Il paraît que les comédiens Italiens l’ont senti, lorsqu’ils ont arrêté que les pièces seraient examinées deux fois. Je trouve qu’ils ont eu raison par rapport à eux; puisqu’ils risquent tant à se charger de pièces nouvelles! mais des gens qui ont avili deux fois le bon Henri sur leur théâtre, qui ont admis des Mariages…, un rôle d’Eliane, etc., mériteraient que les auteurs obtinssent contre eux un arrêt qui les déclarât indignes d’examiner les pièces, et qui les obligeât à recevoir avec respect tout ce que les auteurs leur présenteraient, avec la seule approbation du censeur de police. Les Français sont plus sensés; ils ont le jugement plus sûr et s’avilissent moins mais auraient-ils dû jouer (…)?

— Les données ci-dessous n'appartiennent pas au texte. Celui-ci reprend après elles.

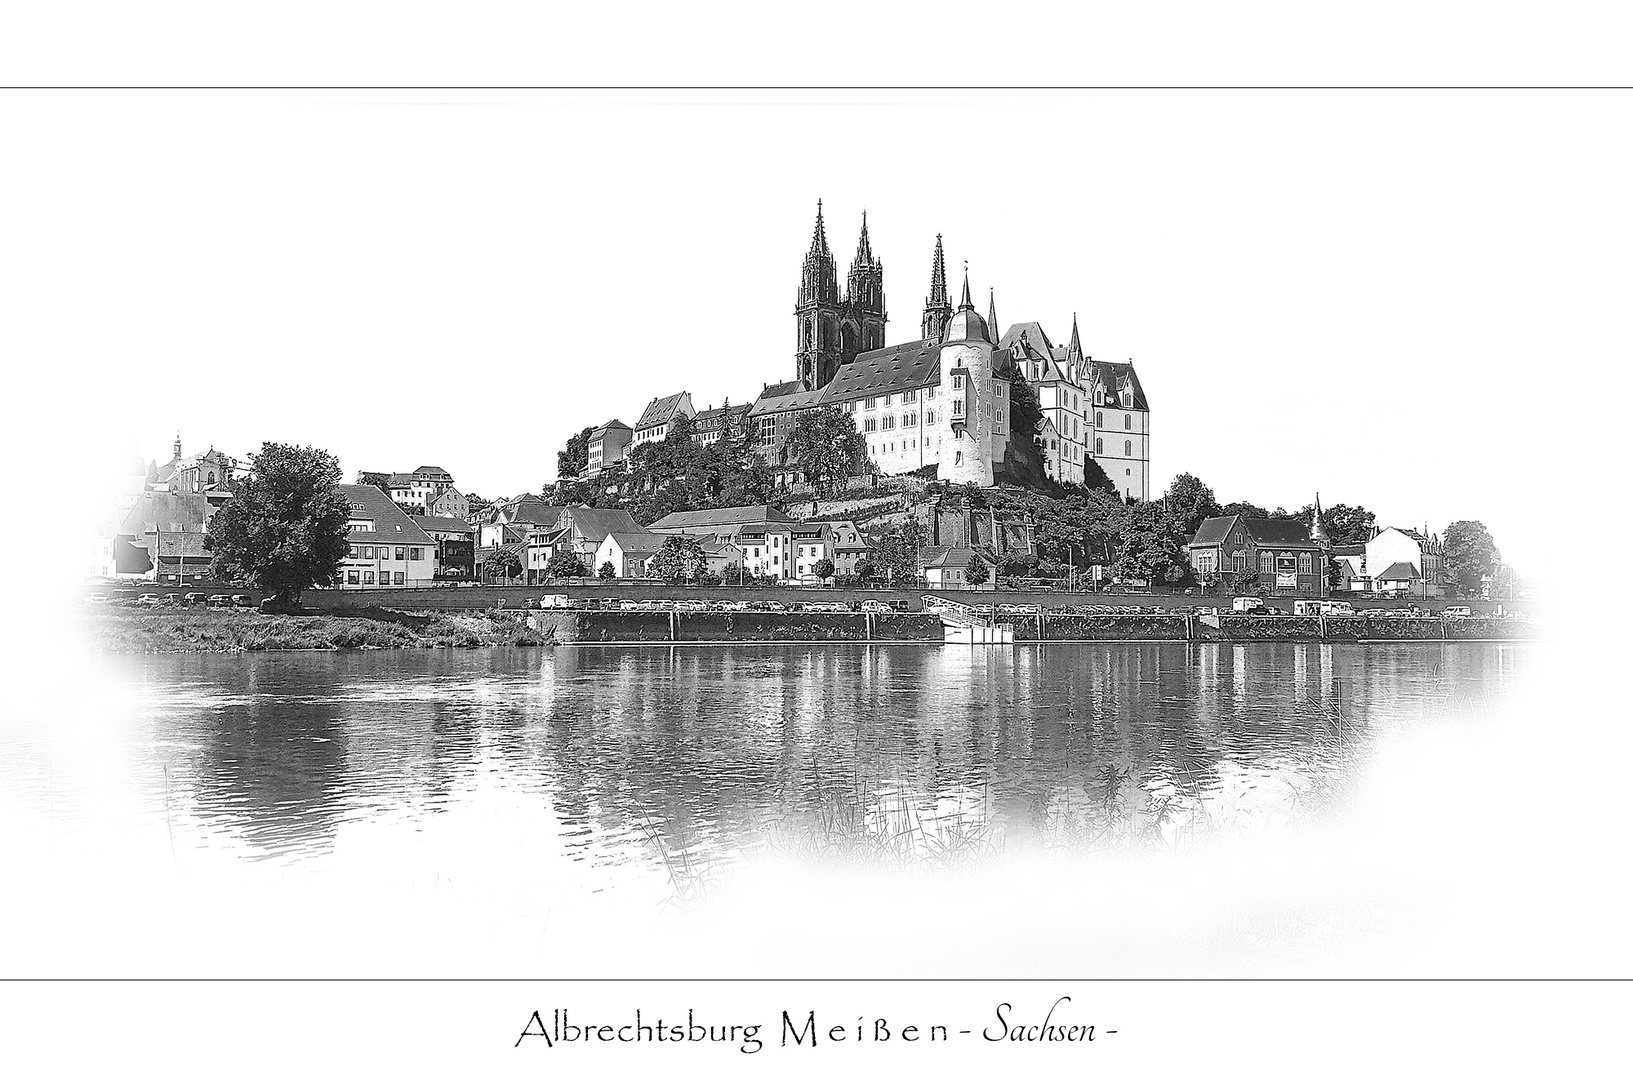 DIE ALBRECHTSBURG

L’intérêt devrait-il les empêcher de rejeter à jamais certaines farces du grand Molière, telle que le Bourgeois gentilhomme, la plus méprisable de toutes? l’Avocatpatelin? le Légataire; l’Espritfollet; la Femmejuge et partie, et cent autres fadaises, que les prétendus partisans du bon goût loueront tant qu’ils voudront, mais qu’un profond examen m’a prouvé ne devoir plaire qu’aux sots, ou aux méchants? je ne suis pas au bout des reproches à faire aux comédiens comme individus, et à leur métier, comme profession. Ils jouent les ridicules! ils les étendent morbleu! ils les propagent! ils les font passer de la ville aux provinces. Grandval a plus fait de fats en France, que tous nos petits maîtres de la cour. Ceux-ci ont créé les ridicules prétendus aimables: Grandval en a été l’apôtre; ils les a joués divinement, et ils ont plu, ils ont charmé, les femmes surtout. Les comédies de Regnard et les pièces de Nicolet ont plus conduit de valets et de filles domestiques à la Grève, que la potence n’en a effrayés. Je me souviens qu’un jour, un jeune homme de famille menait un notaire de Paris, qui est un officier public, dont l’état a réellement de l’importance, il le menait, dis-je, chez son avocat, pour une transaction. Ils étaient en fiacre. Ils descendirent; le jeune homme payait. Il arriva que par hasard le notaire tira sa montre: «Monsieur, lui dit le jeune homme, en ricanant de ce ton persifleur si fort à la mode aujourd’hui est-ce que je vous ai aussi pris à l’heure?» Le notaire, homme sensé, plia les épaules, et par une gravité bien placée, imposa au jeune étourdi. Je demandai à celui-ci, d’où vient-il s’était permis ce mauvais bon mot? «Ma foi je n’avais pas envie de l’insulter: mais hier j’en entendis un pareil aux Italiens, et cela m’est revenu.» L’impudence des valets et des soubrettes est encore un autre inconvénient du théâtre; cela passe dans la société, avec l’esprit d’intrigue, etc., etc., etc., mille fois.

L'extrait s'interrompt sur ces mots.